My mom even attempted to make gluten free banana chocolate muffins…. see photo below for how those turned out! We’ve been laughing about it all week!
When I was thinking of other recipes to make, I thought back to my very first post on here: Chocolate Chip Cookies: The Classic. I decided to make a gluten free version! Seven years later and I guess I’m still on my quest for the perfect chocolate chip cookie, with a slight variation.
In this recipe I used Bob’s Red Mill Gluten Free flour. I was also inspired by Rick Martinez’s Browned Butter Toffee Cookies so I browned the butter for these babies. For my first foray into gluten free baking, these are pretty good! They satisfy the sweet craving and would pair great with a cup of tea. Enjoy!
~Kelly
Gluten Free Chocolate Chip Cookies (adapted from Ghirardelli)
- 2 sticks butter, browned
- 3/4 cup sugar
- 1/2 cup brown sugar
- 2 tsp vanilla
- 2 eggs
- 2 1/2 cups GF flour
- 1 tsp baking soda
- pinch of salt
- 1 dark chocolate bar, chopped
- Chocolate chips, about a cup (I always eye ball it! Add as much as you want!)
- Place two sticks of butter in a small saucepan, stirring constantly as it melts.

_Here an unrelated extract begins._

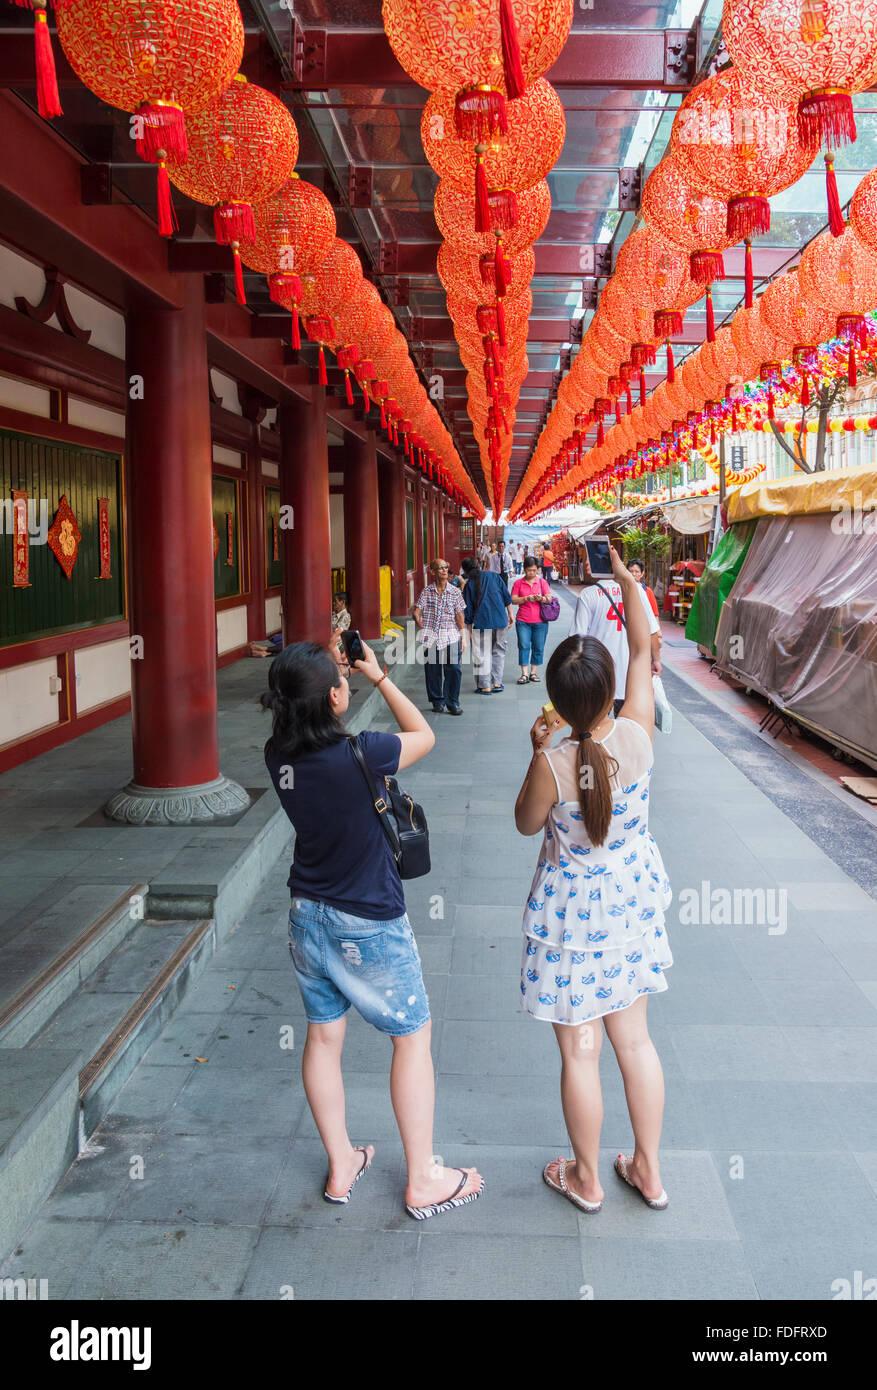 Les personnes qui prennent des photos des lanternes rouges au Buddha Tooth Relic Temple pendant le Nouvel An chinois Photo Stock

When it starts to turn a light brown and smell carmel-y transfer to a bowl. There should be little brown bits of butter- that’s ok, that’s the good stuff! Set aside to cool, wait about 10 min.
- In a medium bowl, combine flour, baking soda and salt. Set aside.
- In a separate bowl or stand mixer, mix together butter and sugars until smooth.
- Add eggs, one at a time, and mix until incorporated.
- Add vanilla.
- Slowly incorporate flour mixture into wet ingredients. Mix until everything is well combined.
- Add in chopped chocolate and chocolate chips.
- Refrigerate, at least one hour. (Overnight works too!) This is important! Because we browned the butter, baking immediately will result in pancakes… we don’t want that!
- After the dough has chilled, pre-heat oven to 375 degrees.
- Roll dough into cookies balls, any size.
- Bake 10-12 minutes. Let cool and enjoy!
You are invited to the Inlinkz link party!
Hmmm. I may need to try these. I’m trying to eat less gluten but sweets are so hard to live without.